And you would be amazed at what compiler writers will do in order to
get an additional fraction of a percent out of SpecCPU...
In short, please retain atomic_set()'s volatility, especially on those
architectures that declared the atomic_t's counter to be volatile.
Thanx, Paul
Segher Boessenkool wrote:
>> We can't have split stores because we don't use atomic64_t on 32-bit
>> architectures.
>
> That's not true; the compiler is free to split all stores
> (and reads) from memory however it wants. It is debatable
> whether "volatile" would prevent this as well, certainly
> it is unsafe if you want to be portable. GCC will do its
> best to not split volatile memory accesses, but bugs in
> this area do happen a lot (because the compiler code for
> volatile isn't as well exercised as most other compiler
> code, and because it is simply a hard subject; and there
> is no real formalised model for what GCC should do).
>
> The only safe way to get atomic accesses is to write
> assembler code. Are there any downsides to that? I don't
> see any.
The assumption that aligned word reads and writes are atomic, and that words are
aligned unless explicitly packed otherwise, is endemic in the kernel. No sane
compiler violates this assumption. It's true that we're not portable to insane
compilers after this patch, but we never were in the first place.
-- Chris
Paul E. McKenney wrote:
> The compiler is within its rights to read a 32-bit quantity 16 bits at
> at time, even on a 32-bit machine.

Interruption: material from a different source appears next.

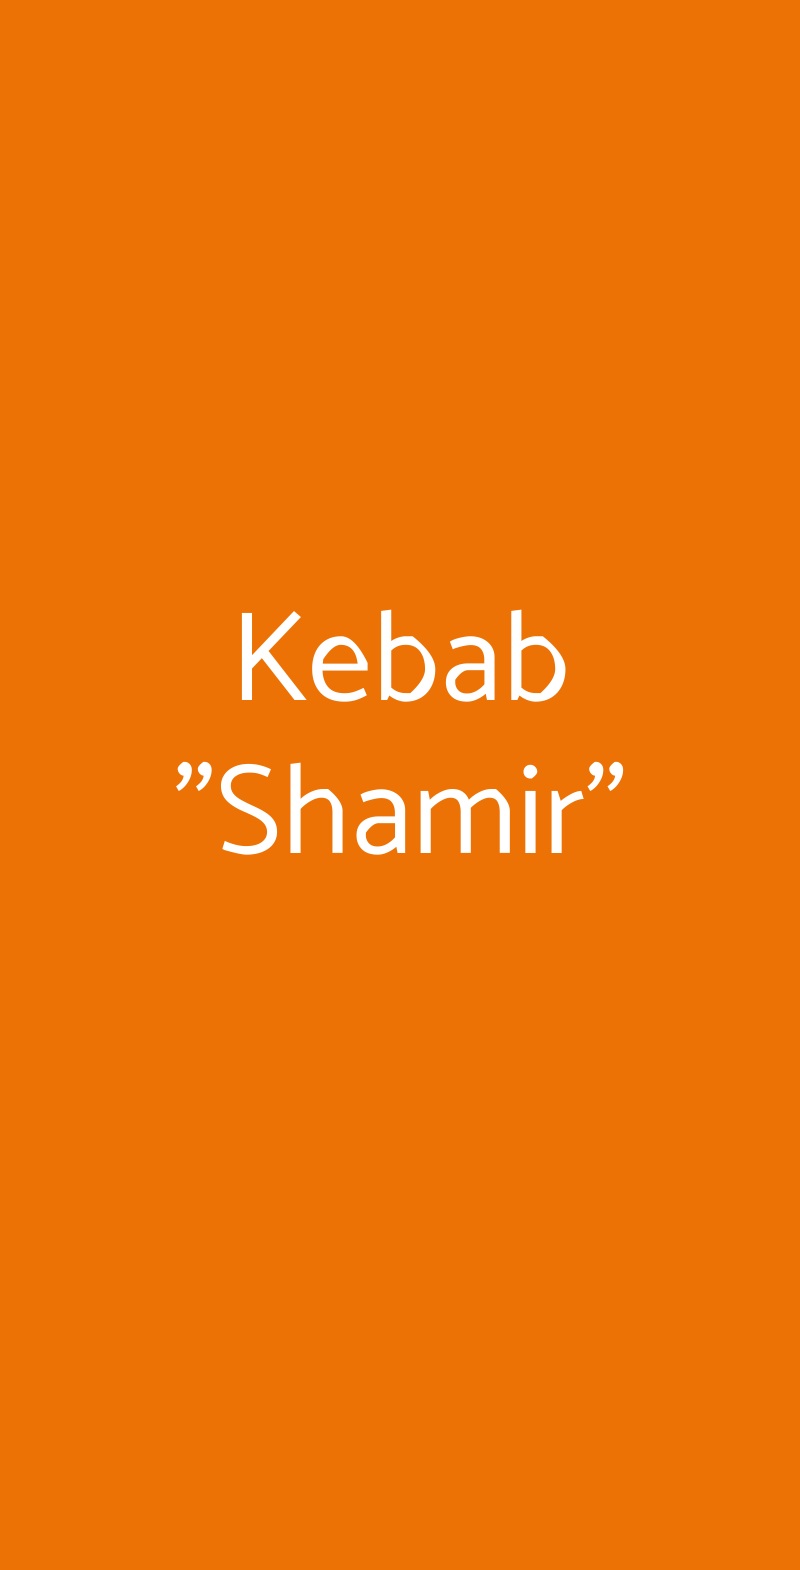 Kebab "Shamir" Verona menù 1 pagina

I would be glad to help pummel any
> compiler writer that pulls such a dirty trick, but the C standard really
> does permit this.
Yes, but we don't write code for these compilers. There are countless pieces of
kernel code which would break in this condition, and there doesn't seem to be
any interest in fixing this.
> Use of volatile does in fact save you from the compiler pushing stores out
> of loops regardless of whether you are also doing reads. The C standard
> has the notion of sequence points, which occur at various places including
> the ends of statements and the control expressions for "if" and "while"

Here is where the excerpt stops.